The Regulatory Patchwork
The legal uncertainty isn’t just about one court. AI companies must now navigate a fractured global landscape:
- UK and U.S.: Case-by-case judicial tests, often inconsistent across jurisdictions.
- EU: The AI Act mandates detailed summaries of copyrighted training data and grants creators the right to opt out.
- Japan: Explicitly permits commercial use of copyrighted material for training—making it a favored destination for model development.
Some companies may turn to “jurisdiction shopping,” training in Japan or similar environments while deploying globally. But with extraterritorial enforcement (especially from the EU), that strategy is increasingly risky.
Long-Term Market Impact
Whether through licensing or regulatory compliance, the industry is heading toward more structured, permission-based data practices. This will likely:
- Increase costs and raise the bar to entry.
- Accelerate consolidation around major tech players.
- Spur innovation in synthetic data generation and copyright-clean datasets.
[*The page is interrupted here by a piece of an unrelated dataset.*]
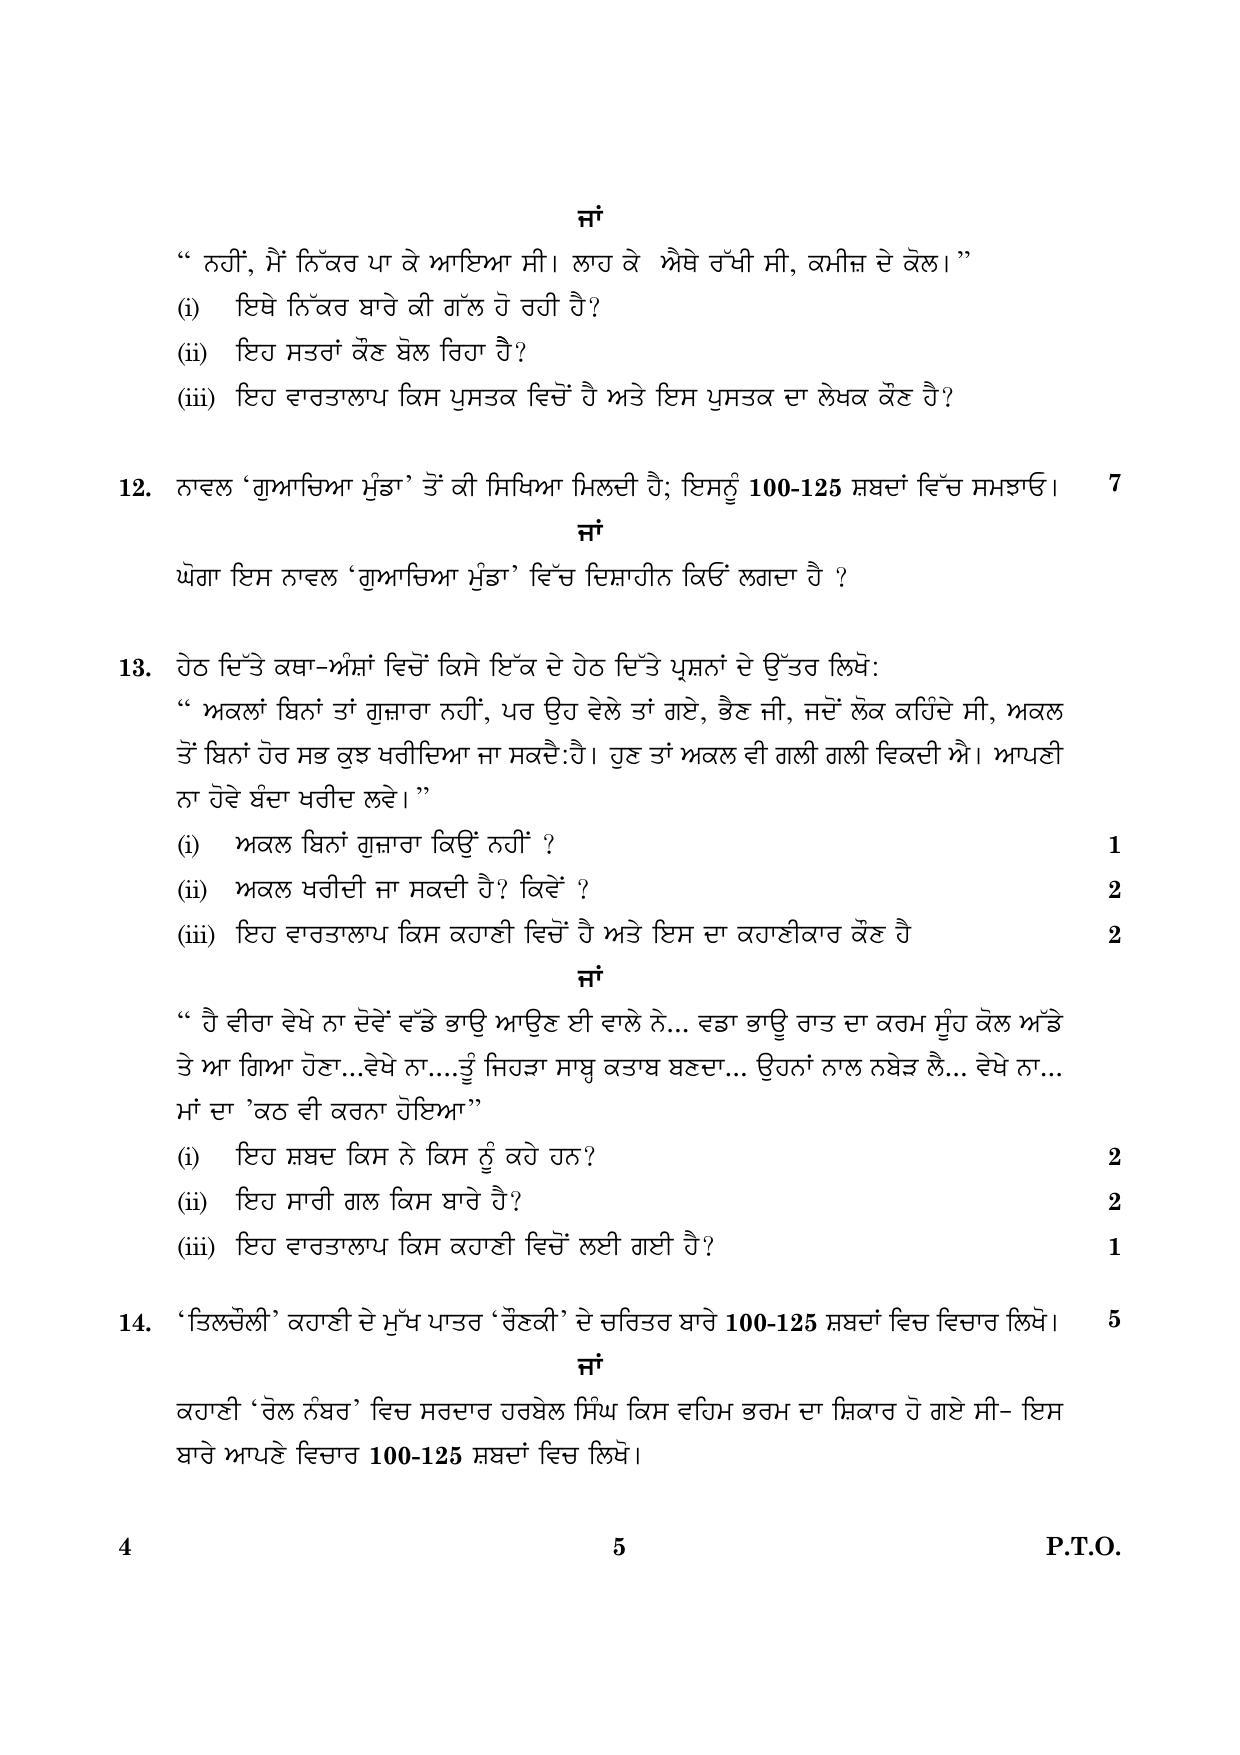 CBSE Class 12 004 Punjabi 2016 Question Paper - Page 5

Synthetic training methods and partnerships with publishers could serve as alternatives—but they may reduce model performance, at least initially.
Final Thoughts
The Getty vs. Stability AI trial is a litmus test—not just of legal liability, but of how society balances the rights of creators with the needs of technical innovation.
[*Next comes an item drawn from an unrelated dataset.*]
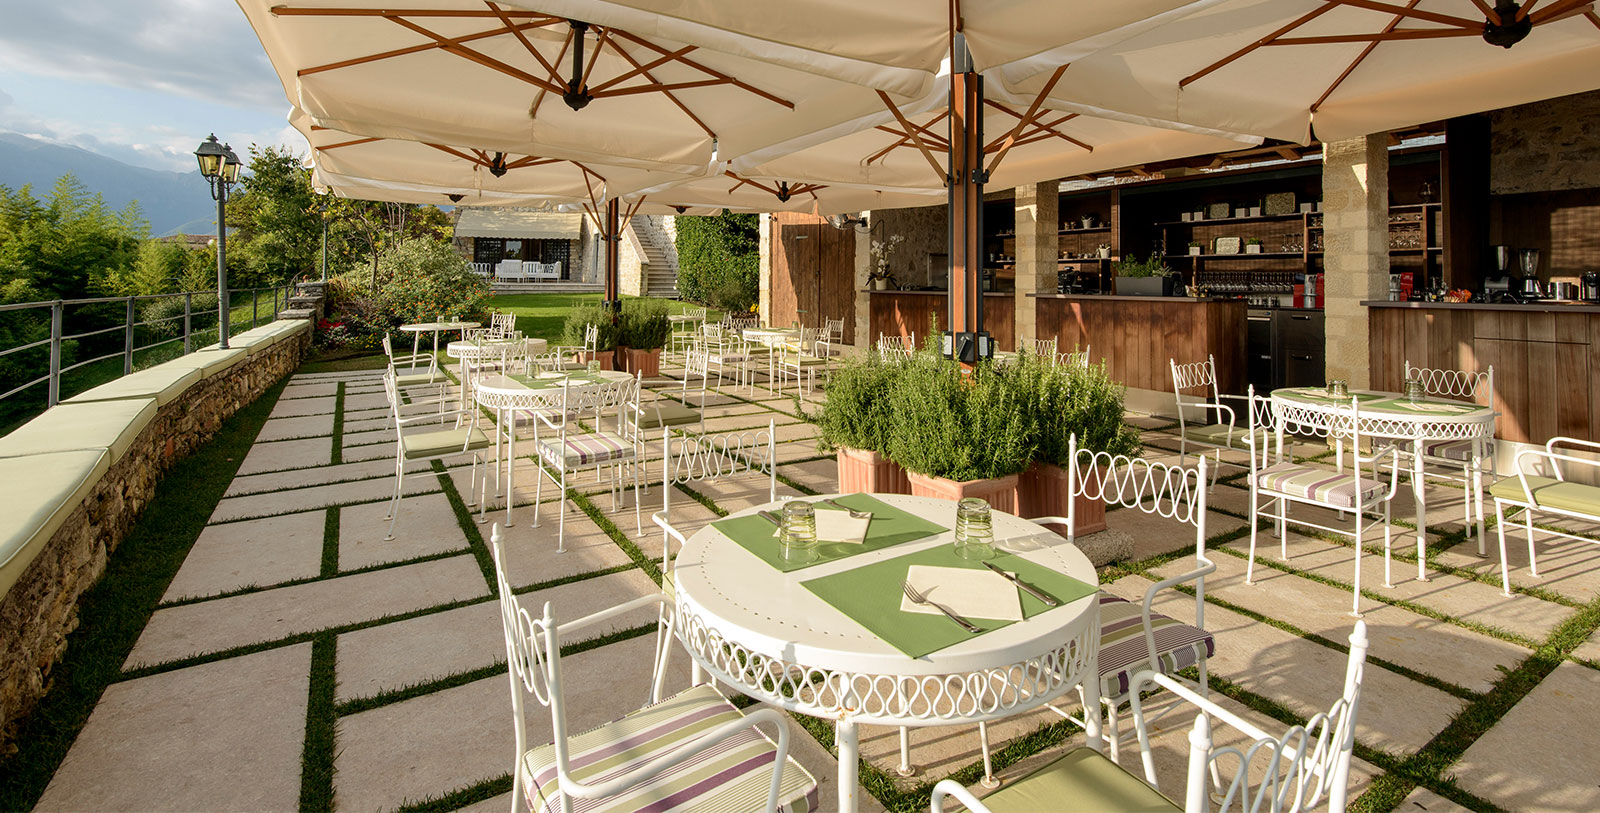 Image of Villa Cipriani Restaurant Hotel Villa Cipriani, 1889, Member of Historic Hotels Worldwide, in Asolo, Italy, Taste

The AI community is watching closely. Courts may side with creators, affirming that permission must precede progress. Or they may uphold transformative use and pattern learning as fair game. But the broader shift is already underway: licensing, consent, and data provenance are becoming core to model development.
For AI companies, it’s no longer just about building better models. It’s about building responsibly—within legal boundaries that are still being written, one ruling at a time.